Em comunicado, a OASRN justificou a entrega do prémio à proposta Estrelas do mar: Fortificações Costeiras de Portugal Continental por “ser inédita, contribuindo para um conhecimento actualizado e sistemático do património defensivo costeiro, através da utilização do desenho e das novas tecnologias numa uniformização, em termos de apresentação”.

Os dois arquitectos vão agora receber uma bolsa de seis mil euros para concretizar o projecto proposto, cujo resultado deverá ser apresentado em Outubro do próximo ano.

O júri do prémio foi presidido pela jornalista Paula Moura Pinheiro e contou com Eduardo Queiroga, José Bernardo Távora, Paula Silva, Maria da Graça de Tavares e Távora Pereira Coutinho.

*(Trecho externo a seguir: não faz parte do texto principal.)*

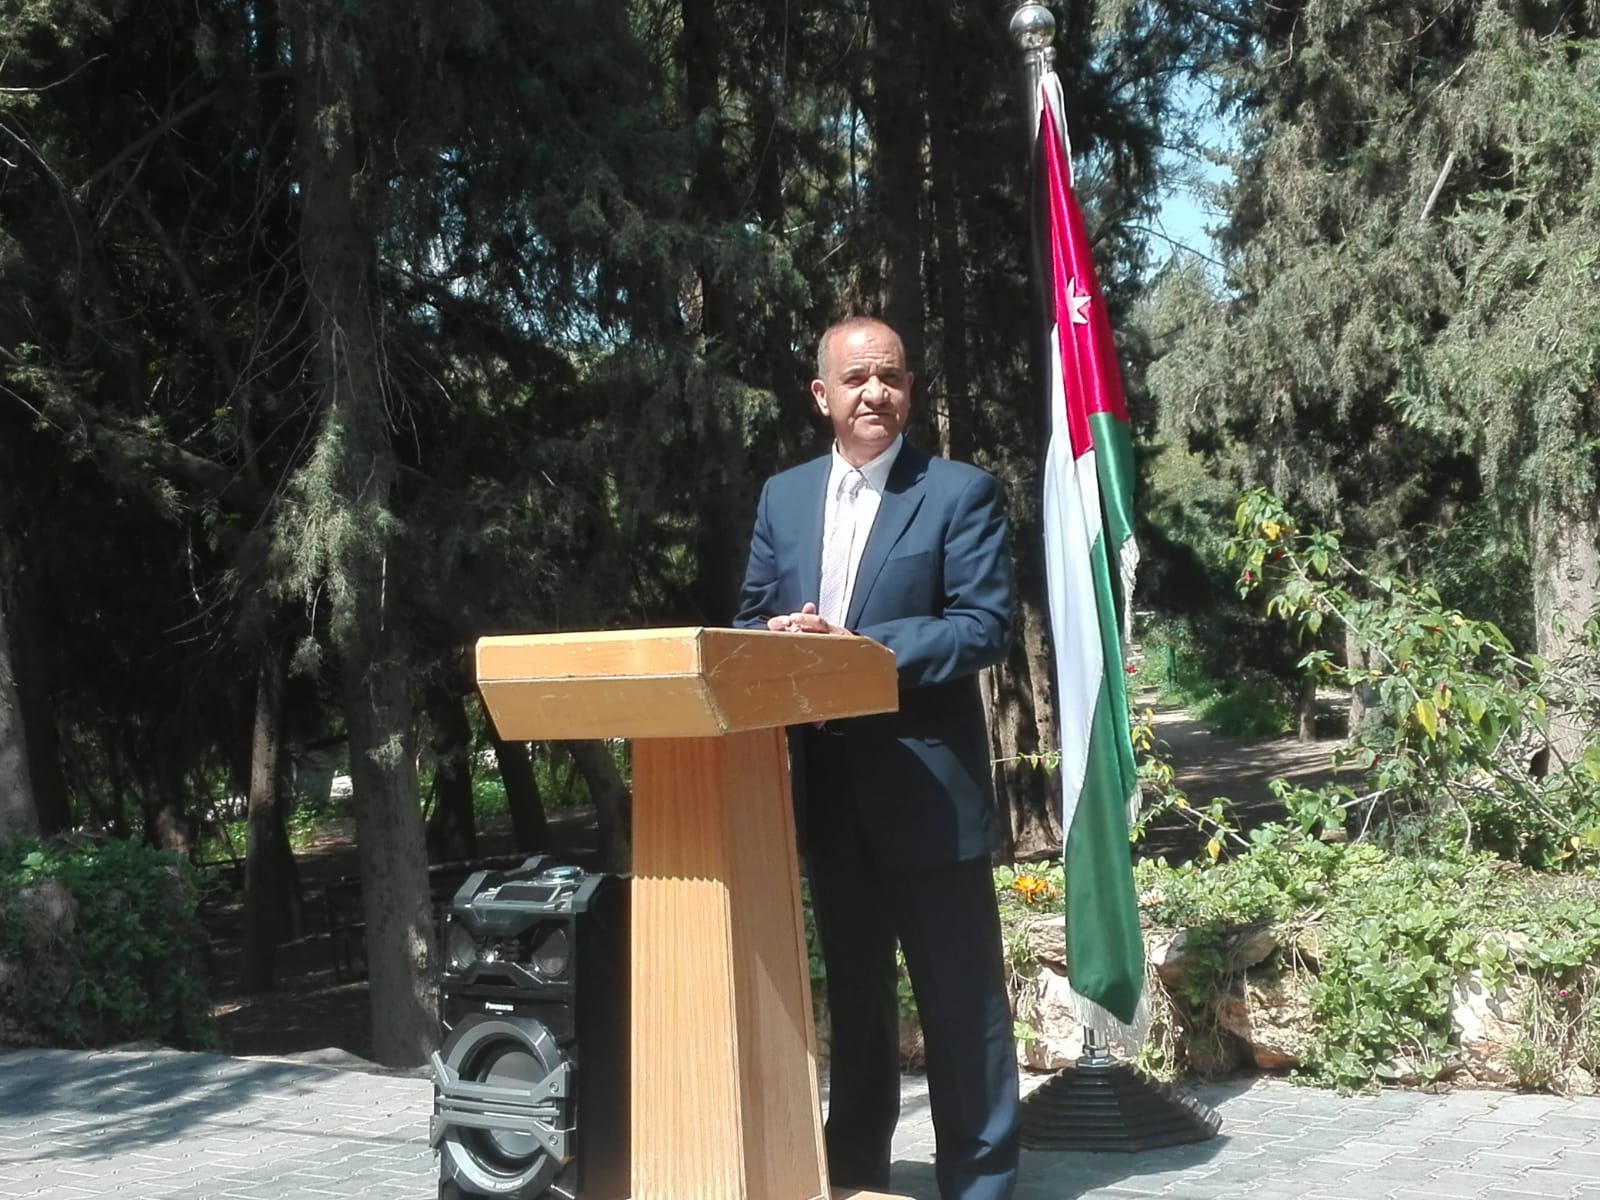 The speech by Jehad Mattar

Pedro Abranches Vasconcelos licenciou-se em Arquitectura em 1993 pela Faculdade de Arquitectura da Universidade do Porto (FAUP) e tem o seu próprio atelier desde 1995, tendo sido professor na Escola Superior Artística da mesma cidade. Carlos Machado e Moura licenciou-se em Arquitectura também pela FAUP, em 2006, sendo pós-graduado em Património Arquitectónico e doutorando em Arquitectura.

O prémio é organizado pela OASRN em parceria com a Fundação Marques da Silva.